The night before President Joe Biden’s inauguration, acclaimed indie rock musician and South Eugene High School graduate Michelle Zauner contributed a live rendition of her song, “Everybody Wants to Love You!” to Breaking Barriers, an inaugural ball and virtual celebration presented by RUN AAPI, a voter outreach campaign building political power among young Asian Americans and Pacific Islanders.
Of mixed Korean American heritage, Zauner, better known as Japanese Breakfast, was surprised and honored when asked to participate in the event. She chose the song from her 2016 debut Psychopomp and a fixture of her band’s live set for both its brevity and jubilant tone.
“It was nice to get the band back together and do a socially-distanced live recording,” Zauner tells me from Brooklyn, where she now lives. “It felt like some lightness in a very dark year,” she says.
With the inauguration behind her, 2021 looks busy for Zauner, with new music from Japanese Breakfast expected sometime this year after being bumped from 2020 on account of the pandemic. And that’s not all. Zauner’s first book, Crying in H Mart, is also slated for April.
Touching on Zauner’s childhood and her experience growing up Korean American, Crying in H Mart is a memoir of Zauner’s time in 2014 back in Eugene and caring for her mother who was dying from cancer.
Portions of what would become the book first appeared as essays in both Glamour magazine and the New Yorker in 2016 and 2018. “From that, I had a lot of enthusiasm around me to turn it into a larger piece,” Zauner says.
With a background in creative writing, Zauner resisted nonfiction writing for quite some time. Although she says she feels too young to have a memoir, writing the book helped her process the loss of her mother, and provided a road map for who she will be going forward.
“I needed to write about it to better understand it myself, and offer it to people around me,” she says.
With a busy 2021, Zauner was far from dormant in 2020. In October, she released the EP pop songs 2020 with Ryan Galloway from the band Crying, the first EP from Zauner’s side project, Bumper. Written and recorded in the early days of the pandemic, the EP is synth-heavy, with a lighter and poppier tone than the airy, guitar-forward indie rock Japanese Breakfast is known for.

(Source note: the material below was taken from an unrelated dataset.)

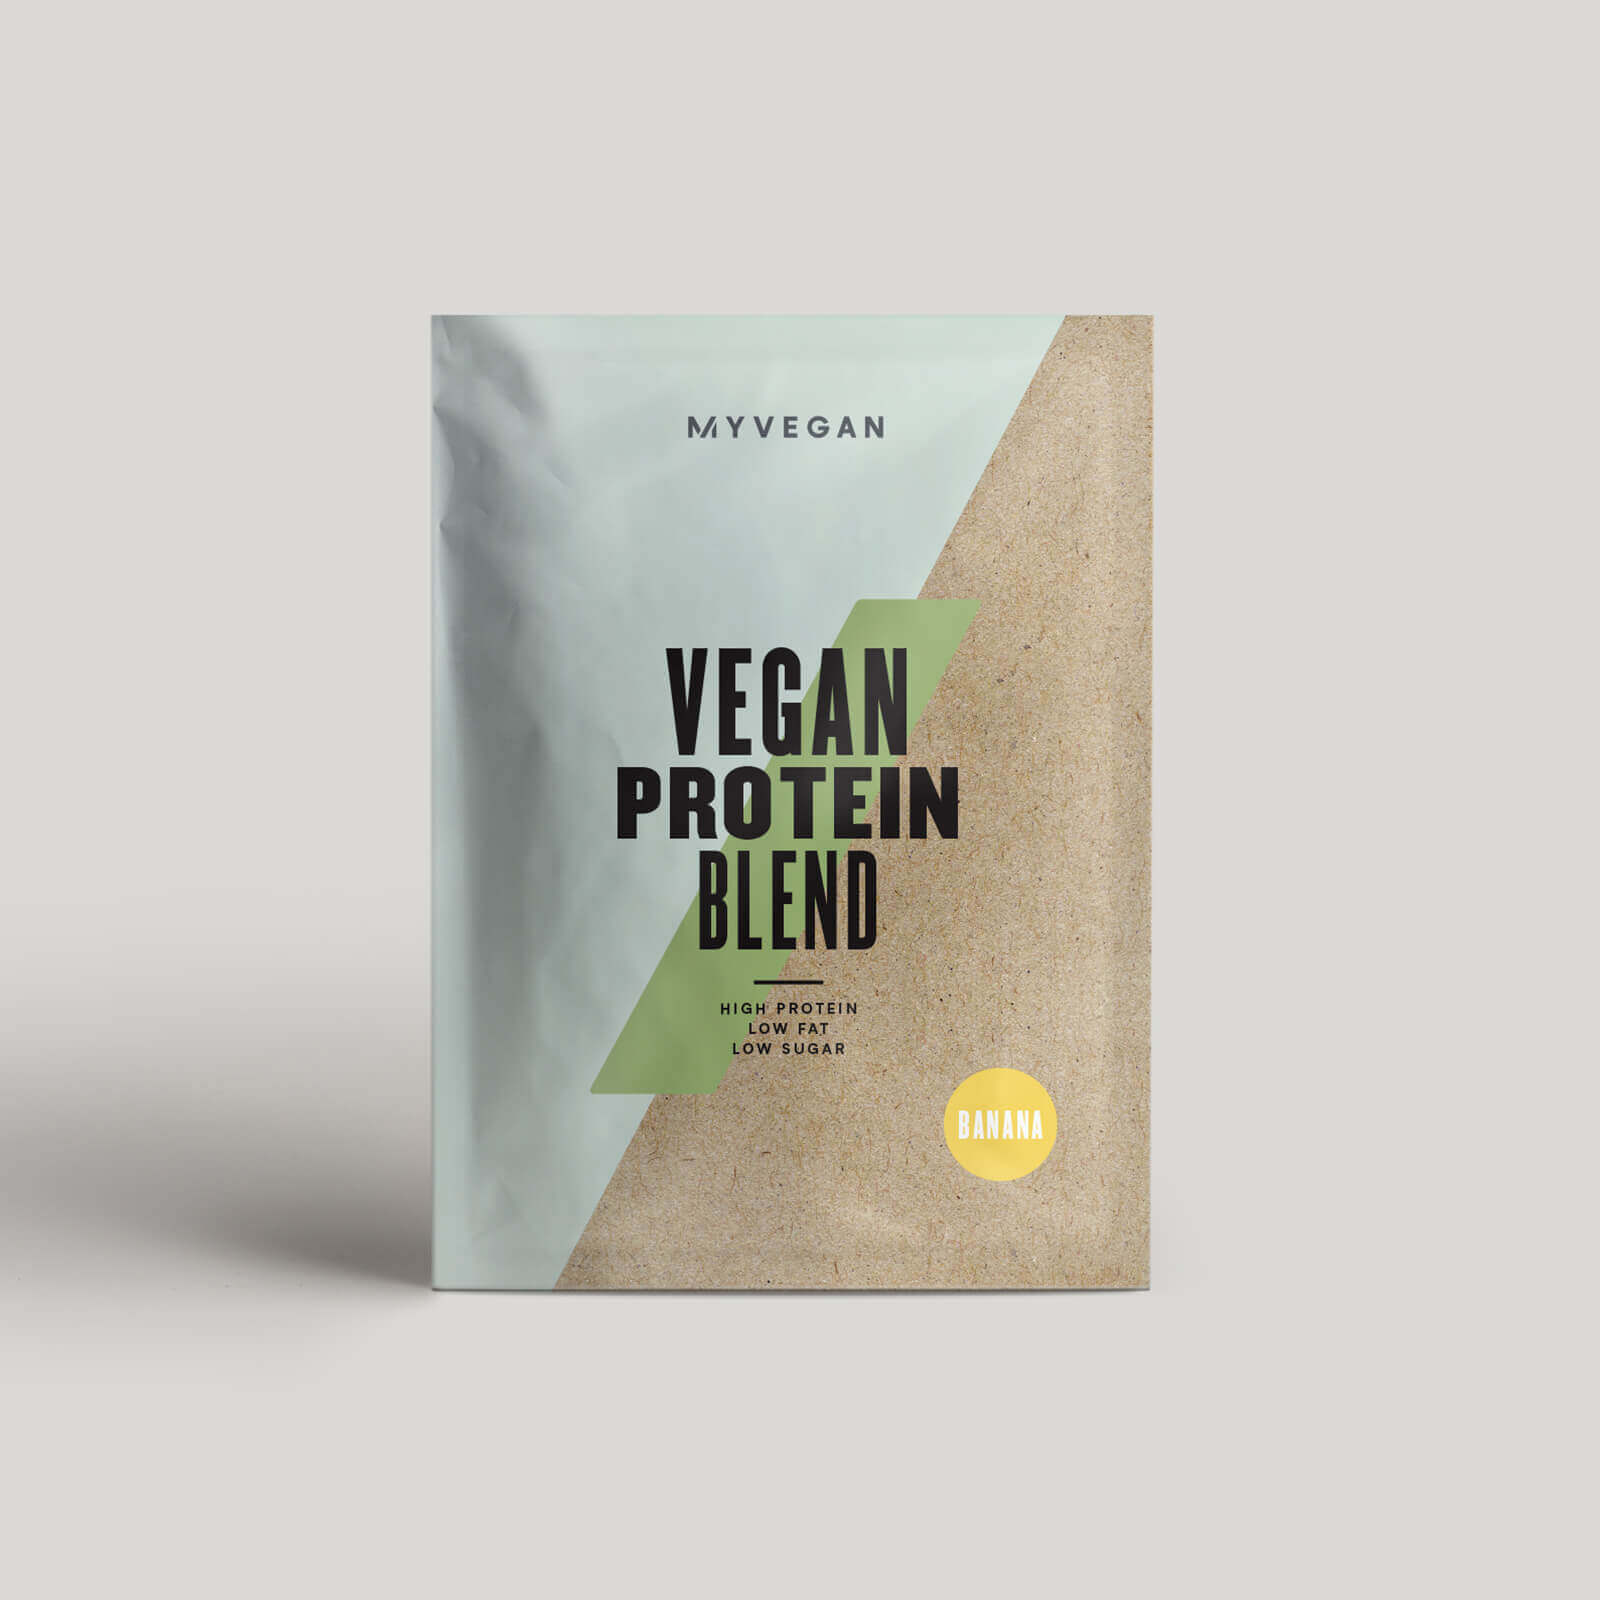 Myvegan Vegan Protein Blend (Sample) - 30g - Banane

While working on Bumper, Zauner was developing music for a video game called Sable. “A lot of it is MIDI and stuff you do on a computer,” she says, and the Bumper project flexed many of those same muscles but in a pop music format. Zauner wanted to try something immediate, a project she could make and release quickly. In a dark time, she says, “I wanted to do something fast and fun.”
Returning to her most well-known music project, Zauner says the first two Japanese Breakfast records are primarily about grief. The upcoming release, she says, is much more joyful.
“I wanted to write about a different part of my life,” she explains. “I wrote this whole book about grief. I didn’t feel like I needed to write another album about grief. I think it’s some of my best work.”
Crying in H Mart is out in April wherever books are sold. The debut Bumper EP pop songs 2020 is currently available on all major music streaming platforms. New music from Japanese Breakfast is expected sometime in 2021.